Exercise details: Would you print the lines below exactly, beginning at the line that has "Daniel Carrier, Melanie" and stopping after the line that has "NGK Racing Spark"? Only those lines, and no pictures.

Supplied records:
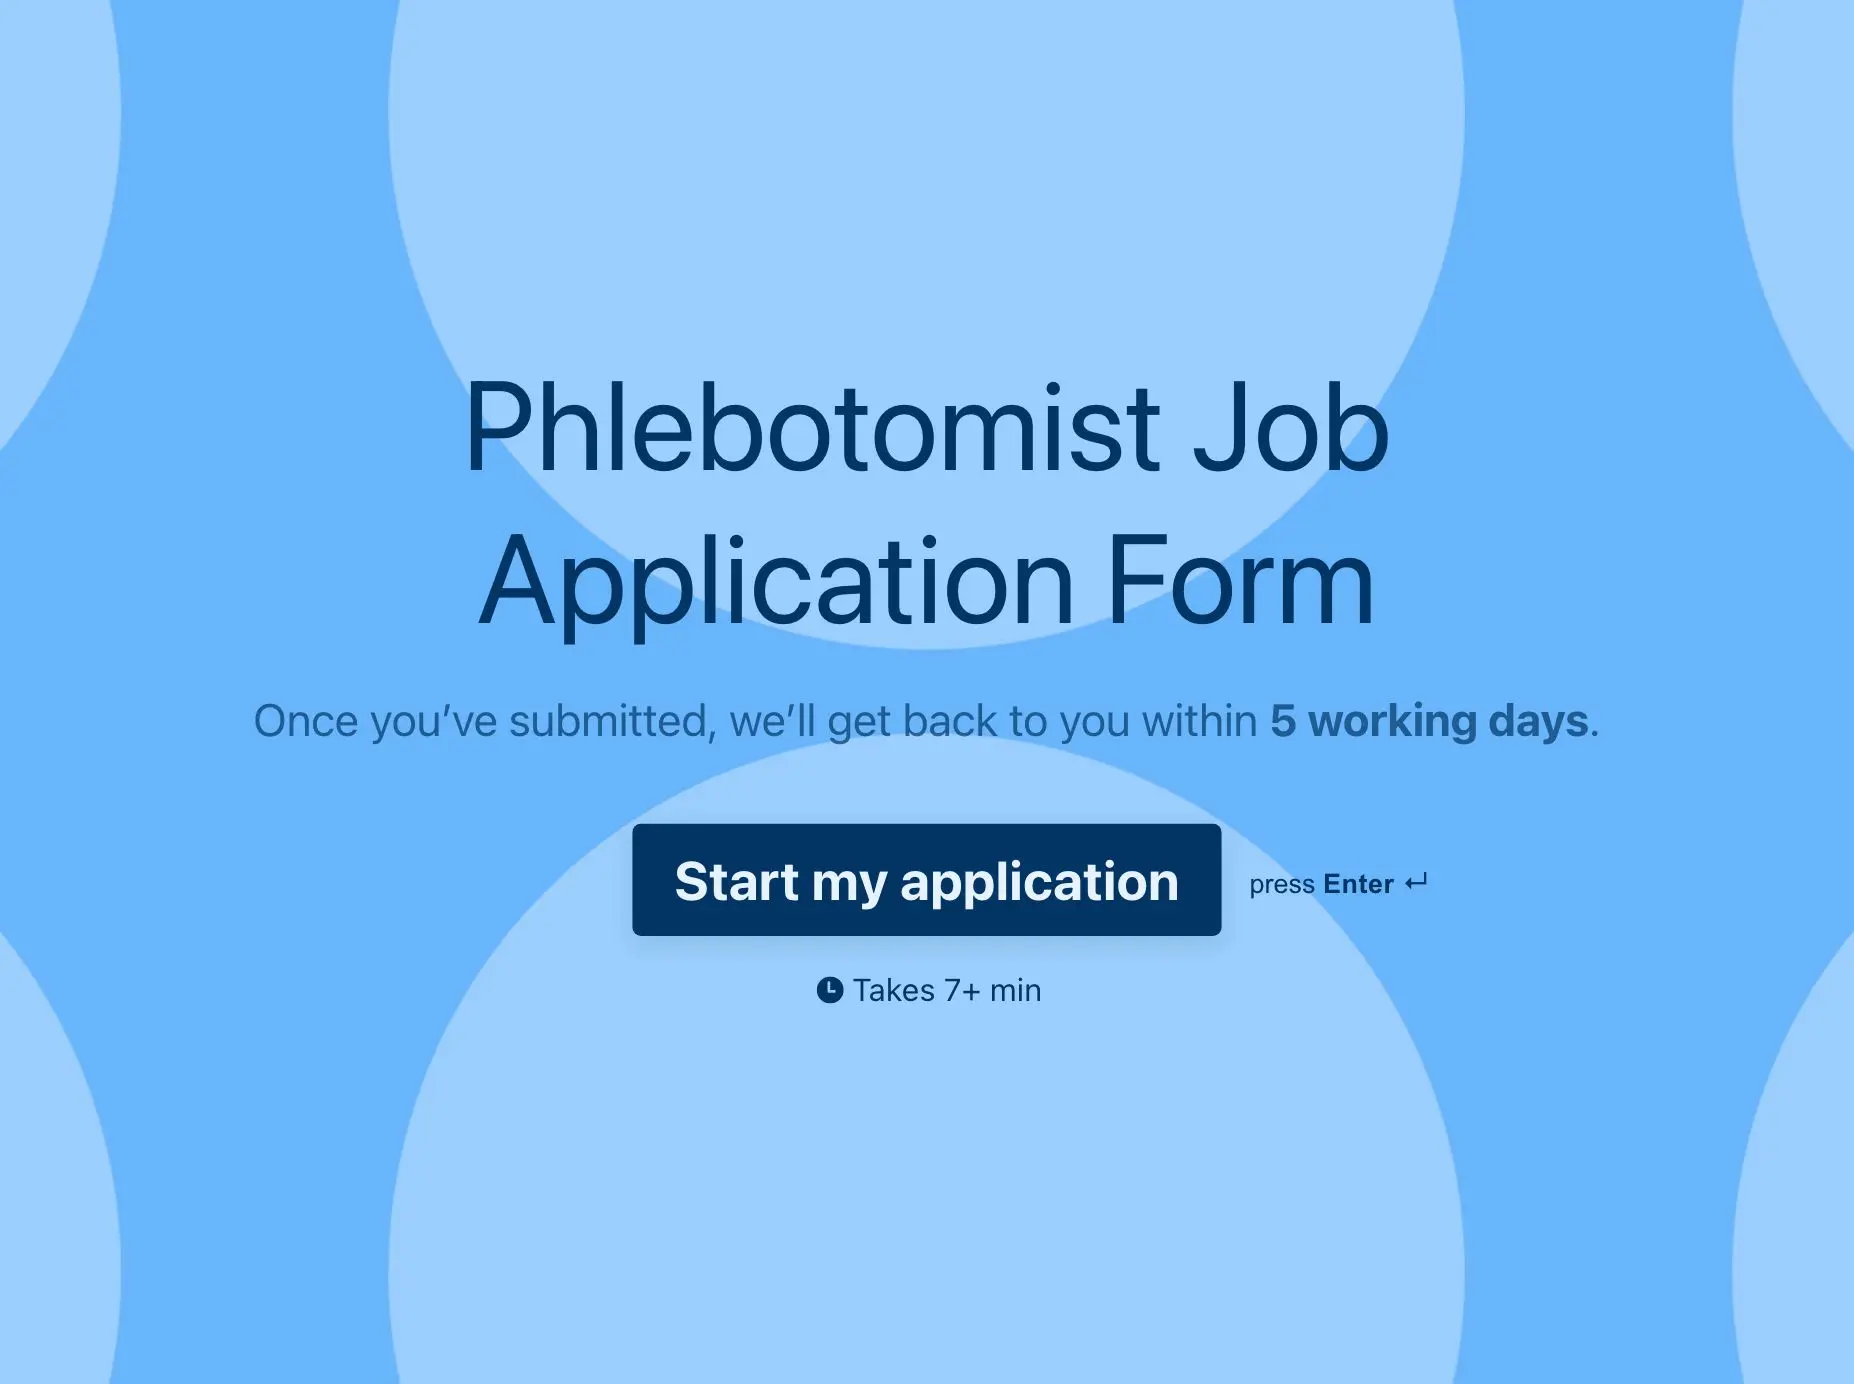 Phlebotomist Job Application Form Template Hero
...
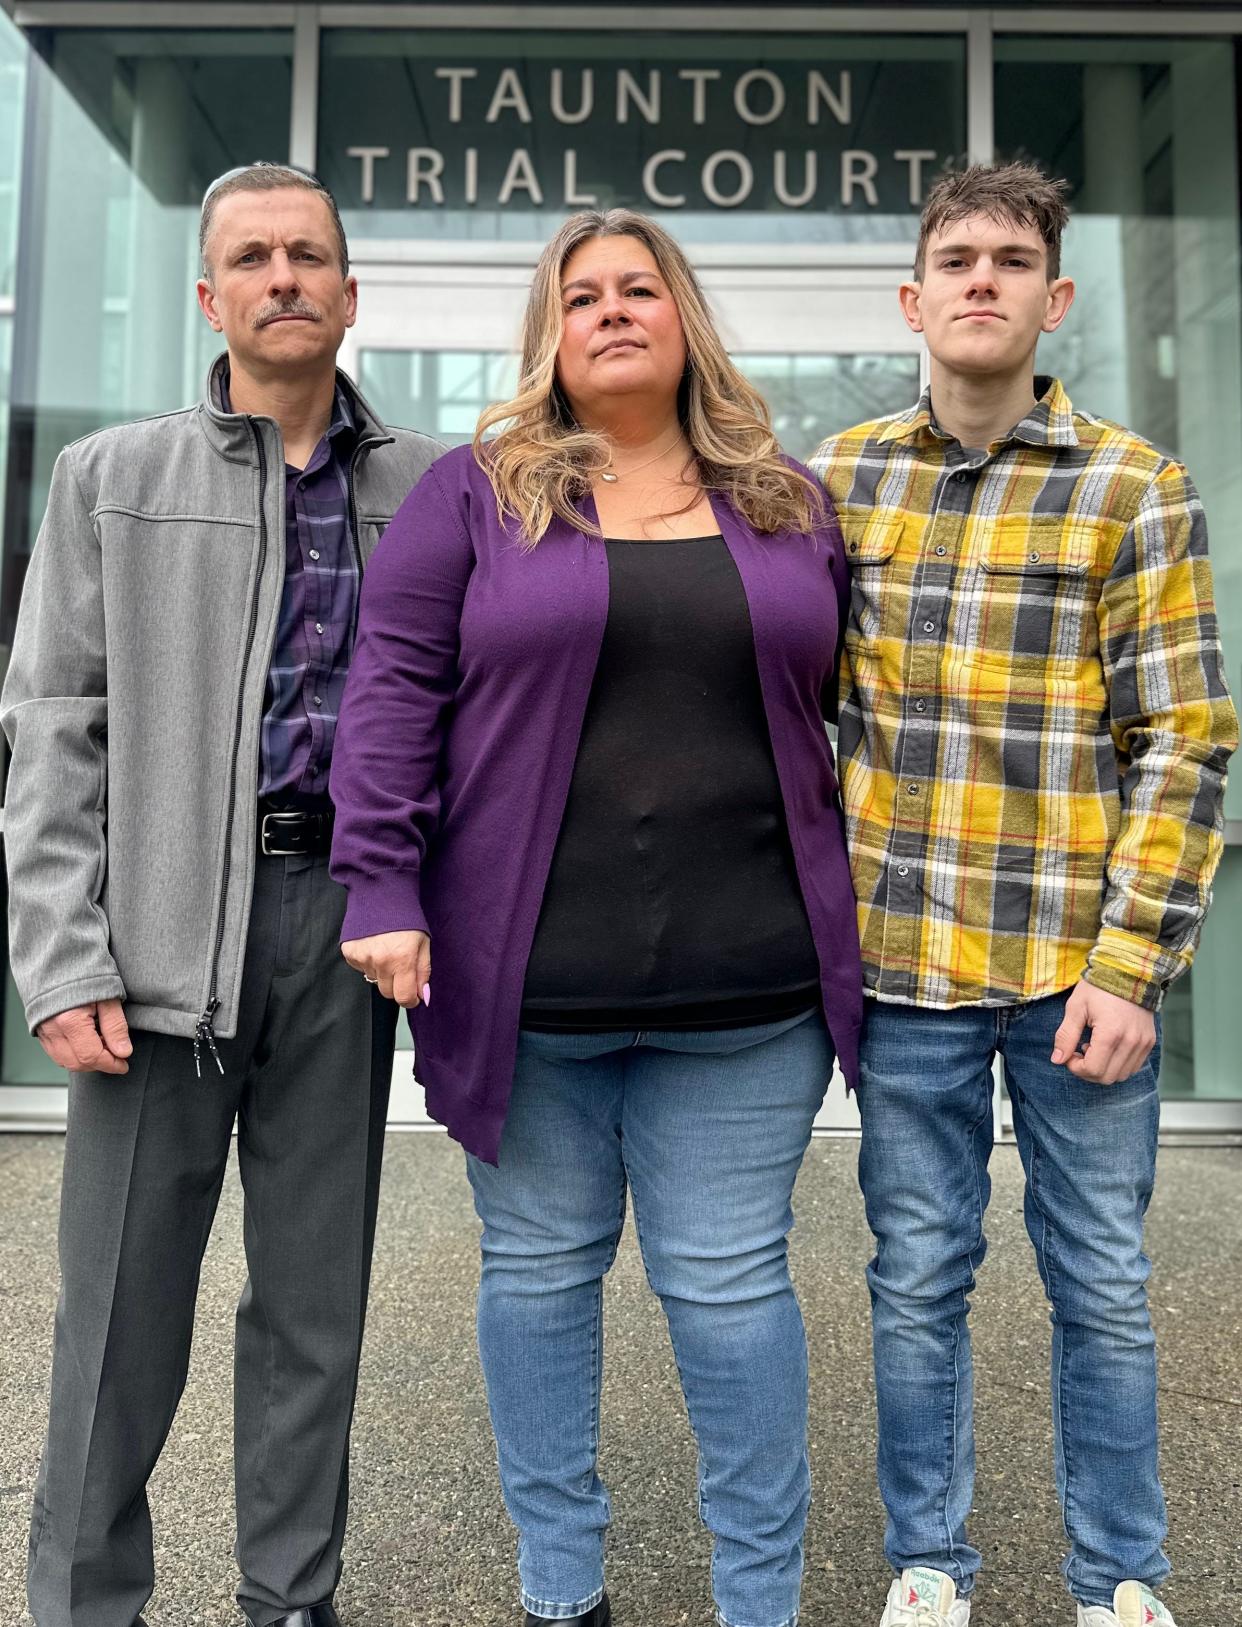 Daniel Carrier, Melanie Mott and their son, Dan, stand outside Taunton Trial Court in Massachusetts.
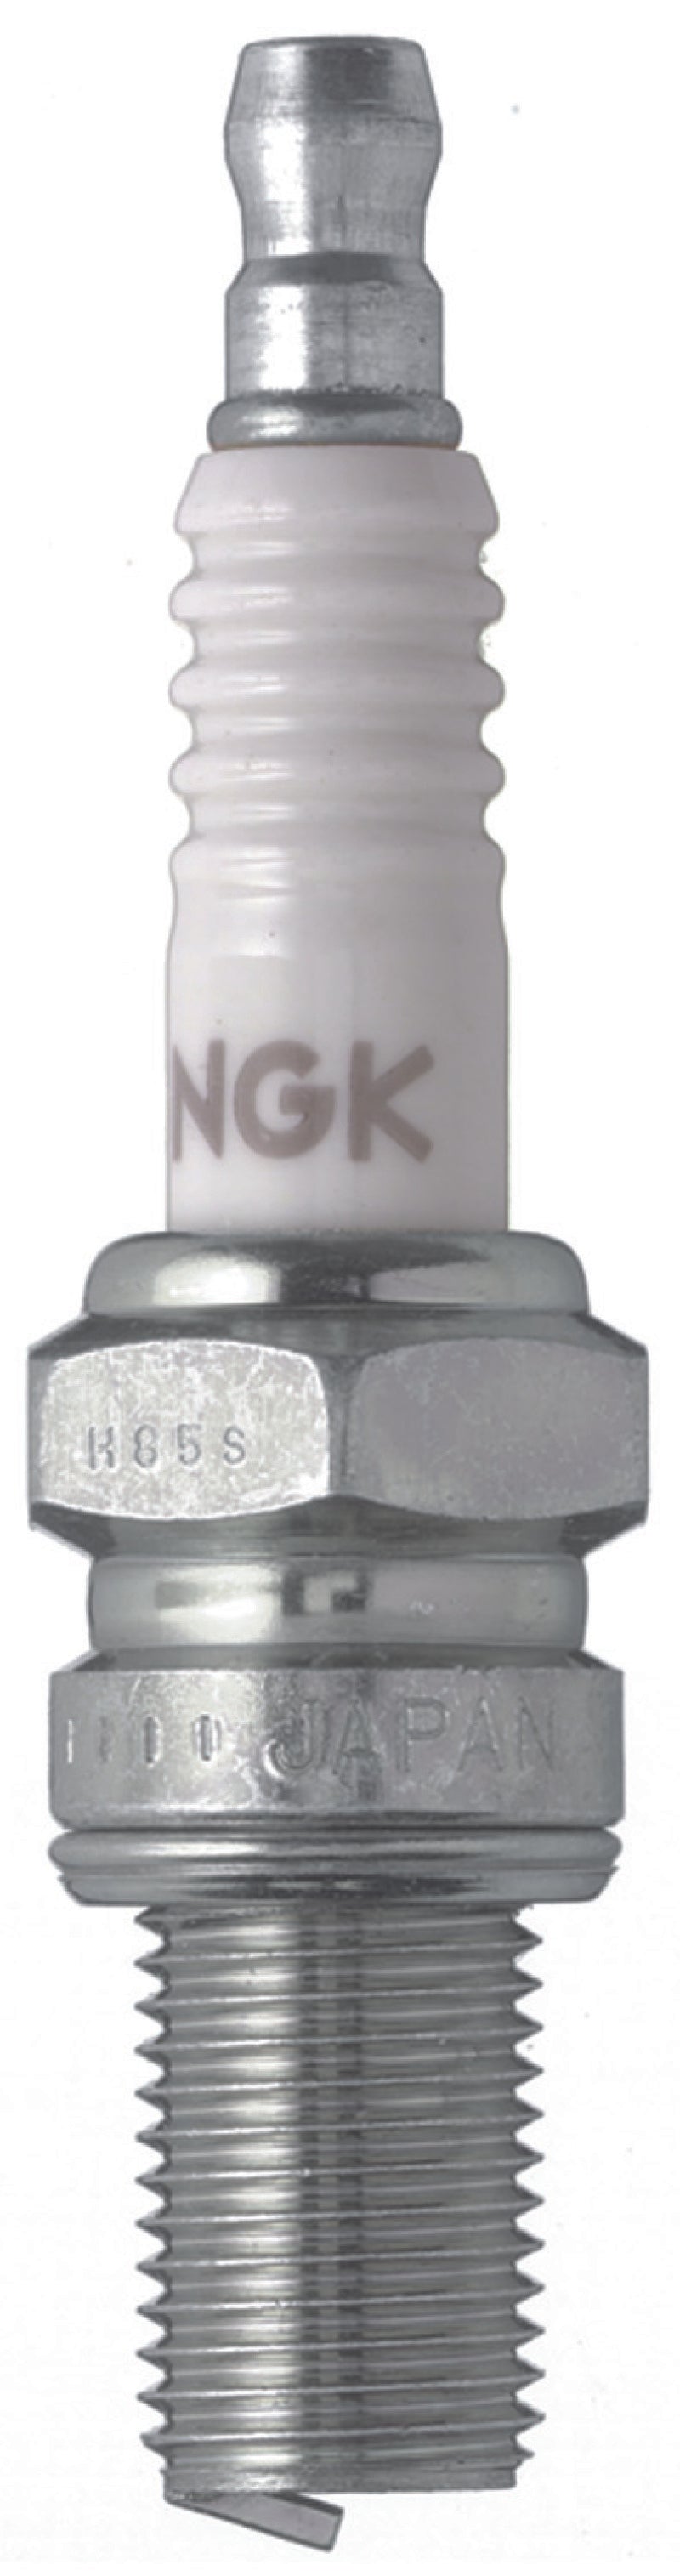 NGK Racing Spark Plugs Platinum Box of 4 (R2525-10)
* * *
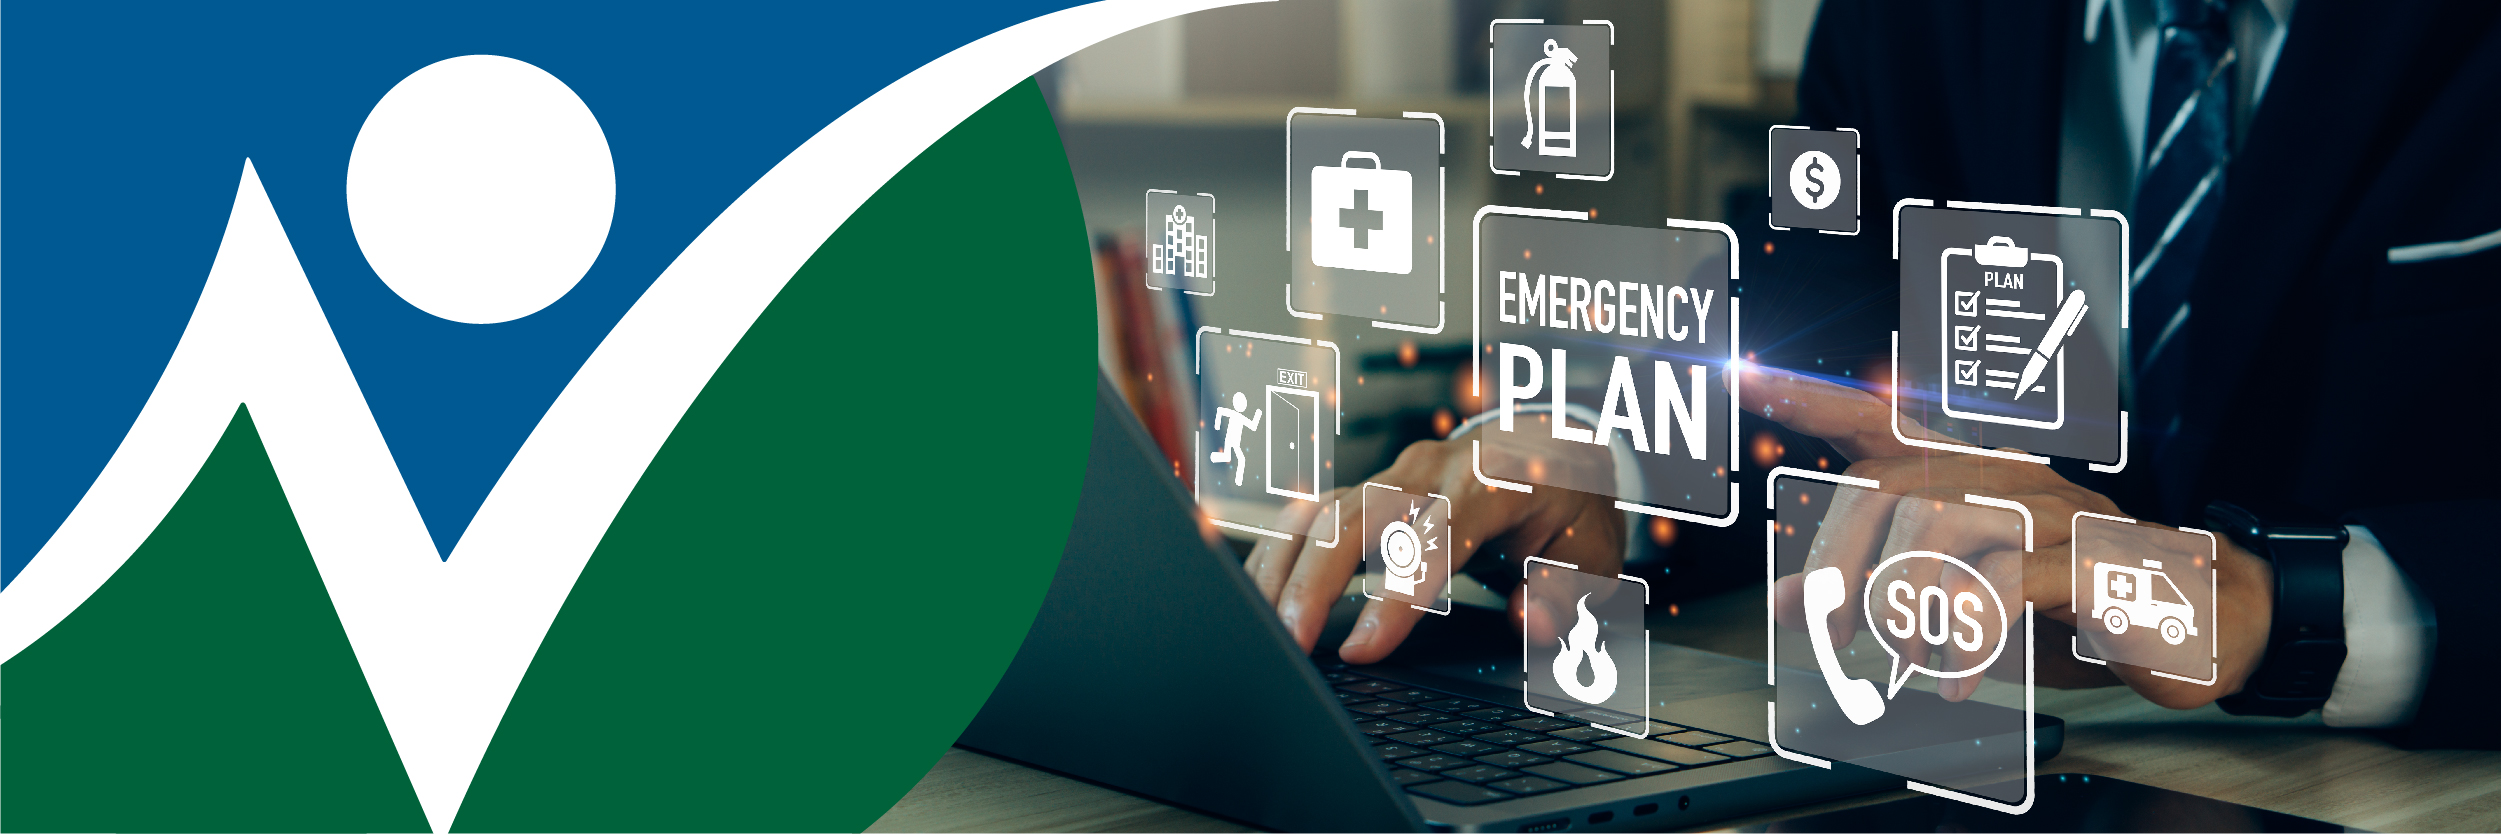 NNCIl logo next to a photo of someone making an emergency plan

Result of the exercise:
 Daniel Carrier, Melanie Mott and their son, Dan, stand outside Taunton Trial Court in Massachusetts.
 NGK Racing Spark Plugs Platinum Box of 4 (R2525-10)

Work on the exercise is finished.